▶ **Task objective**
Only the stretch below from the line holding "Alexander Draper - Puzzle Pieces" through the line holding "Modular Origami Octahedron" should be restated, word for word and with both ends included; pictures stay out.

▶ **Given data**

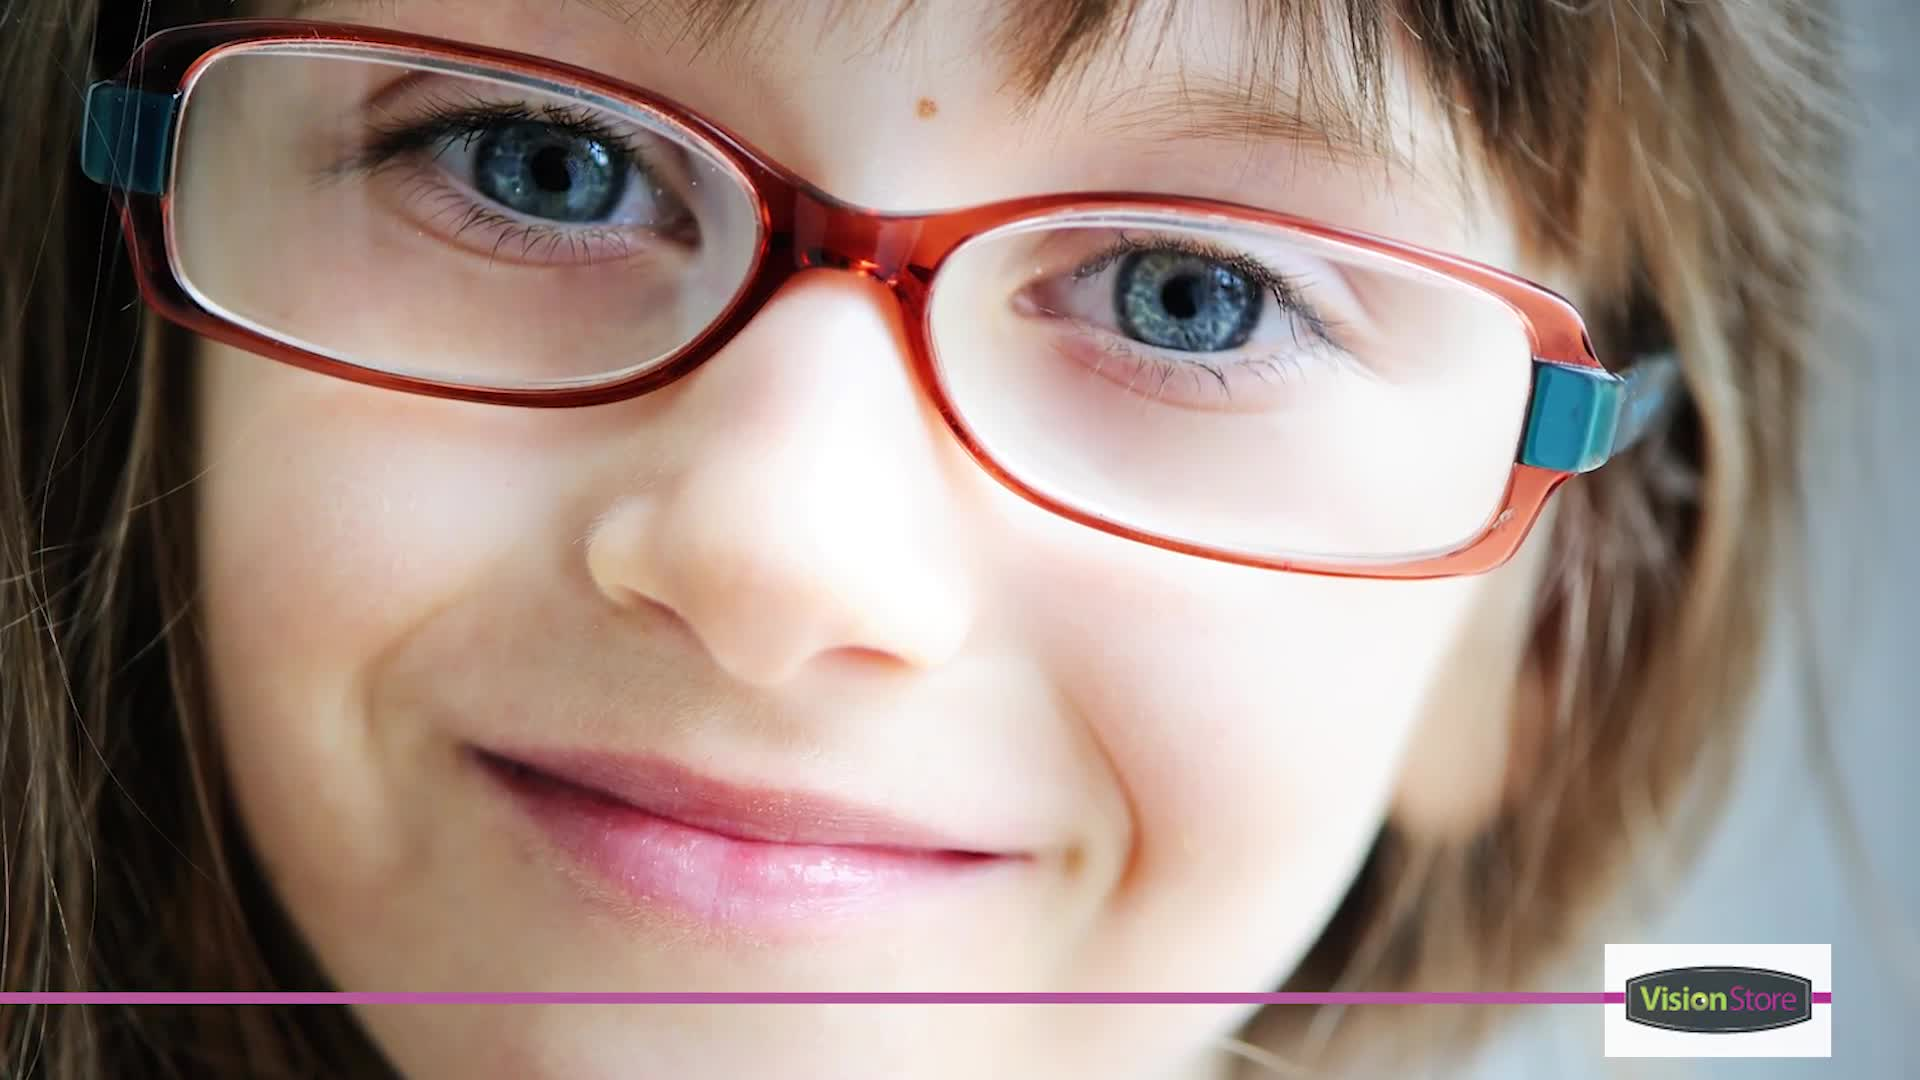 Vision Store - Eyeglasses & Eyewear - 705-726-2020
--
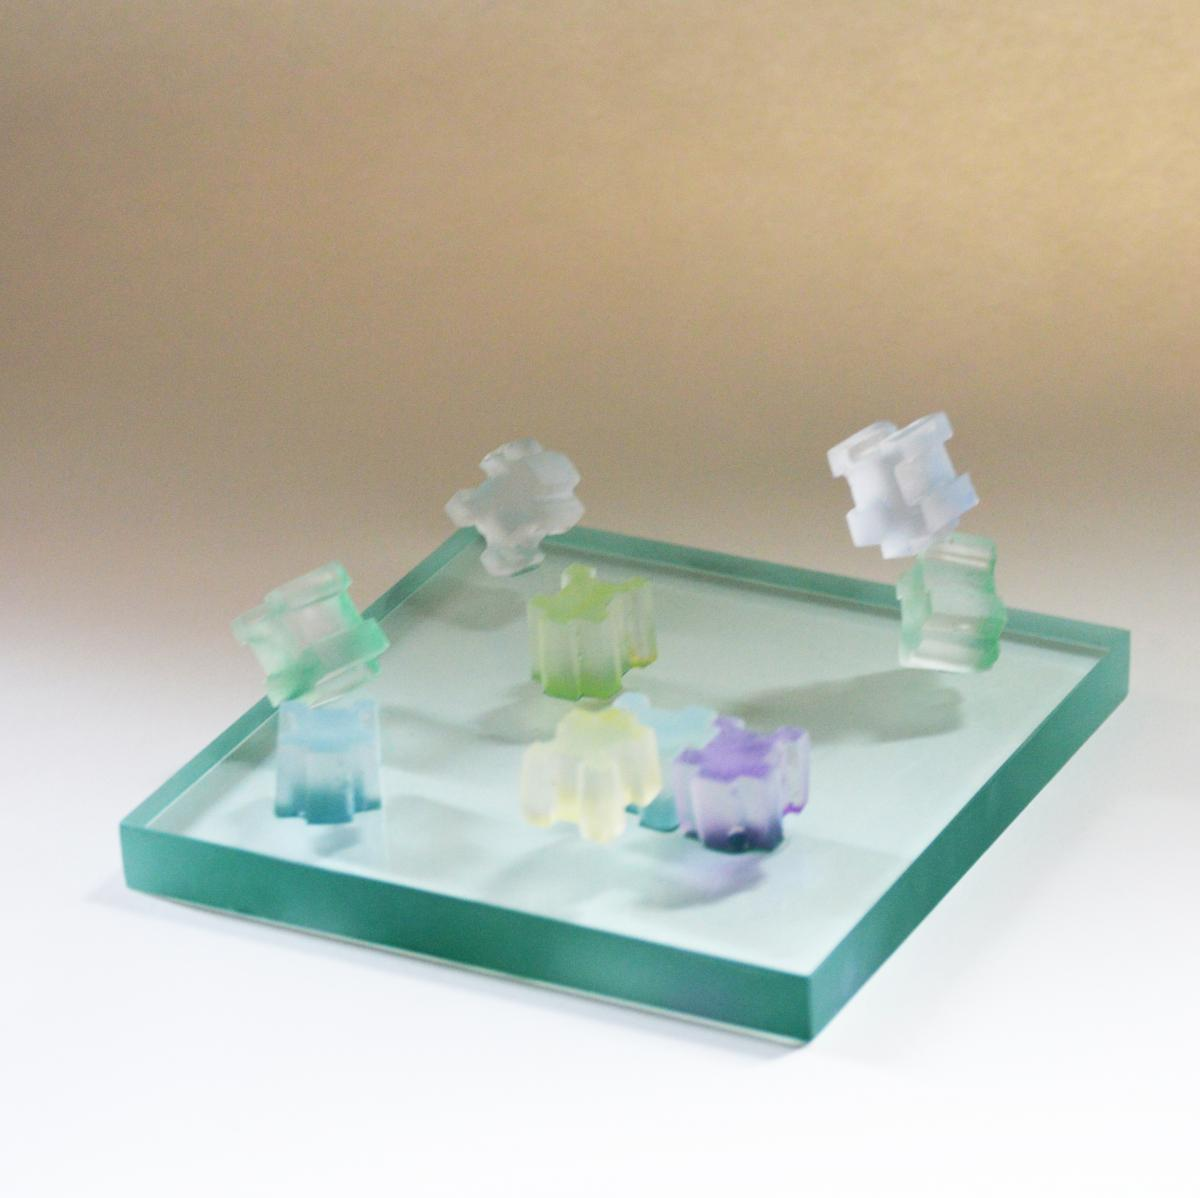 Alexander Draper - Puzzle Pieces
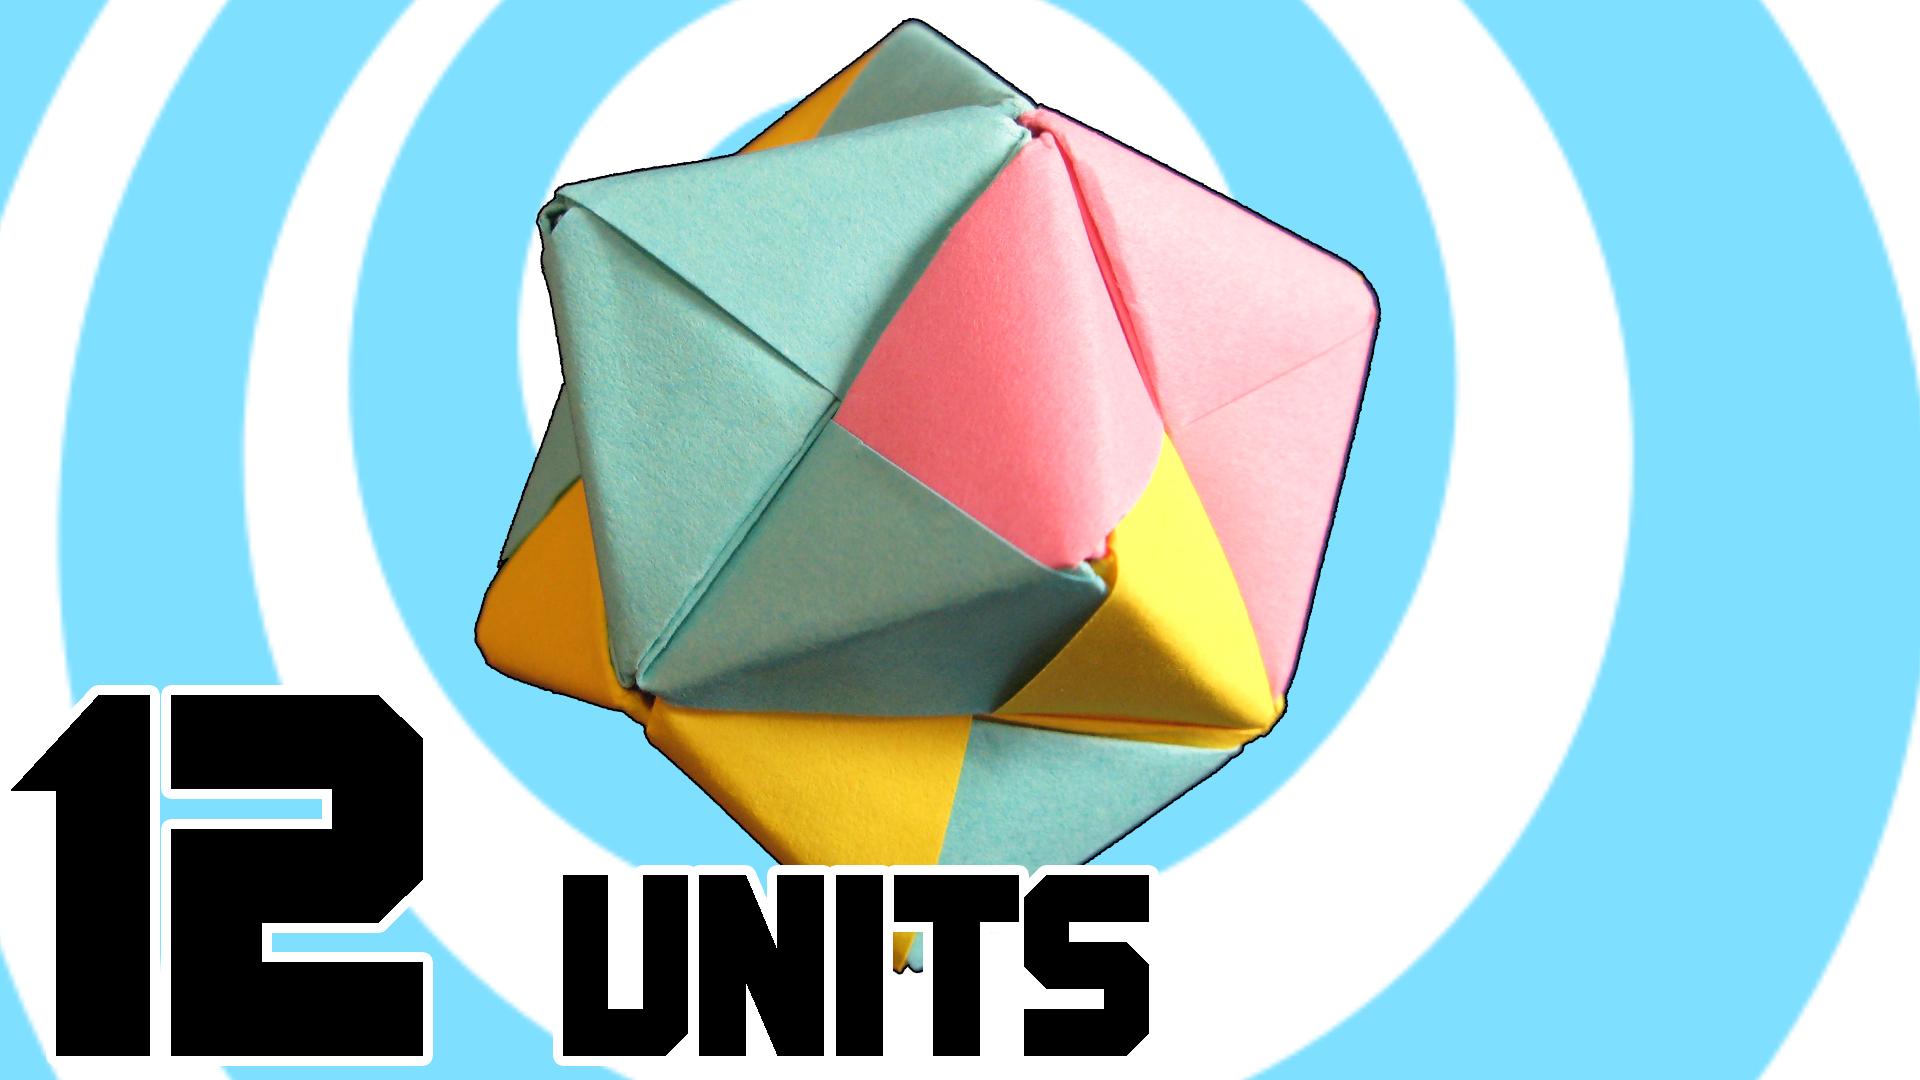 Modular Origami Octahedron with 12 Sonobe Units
==
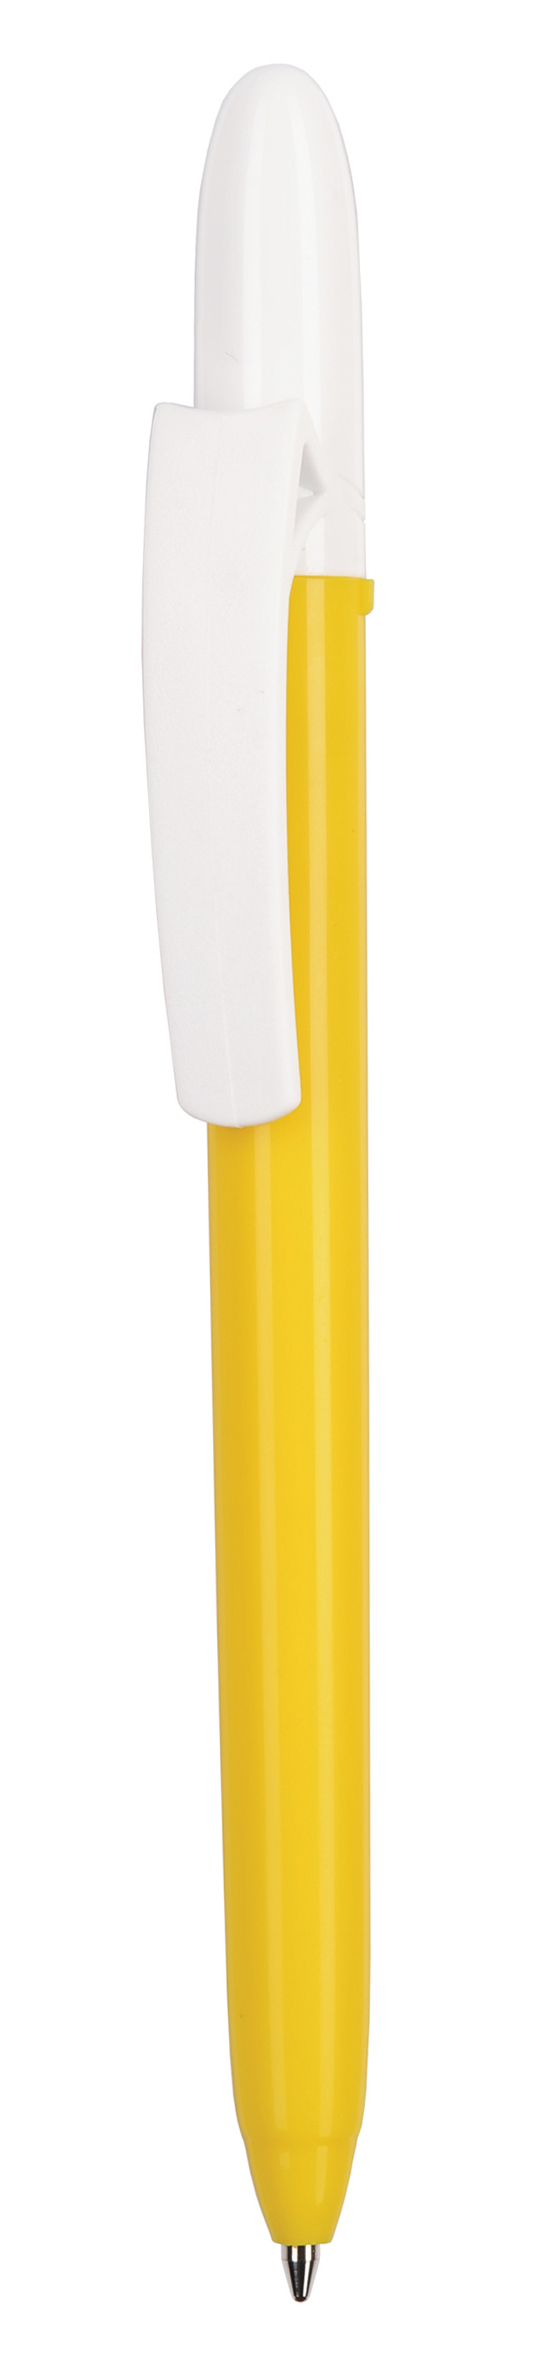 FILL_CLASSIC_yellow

▶ **Task answer**
 Alexander Draper - Puzzle Pieces
 Modular Origami Octahedron with 12 Sonobe Units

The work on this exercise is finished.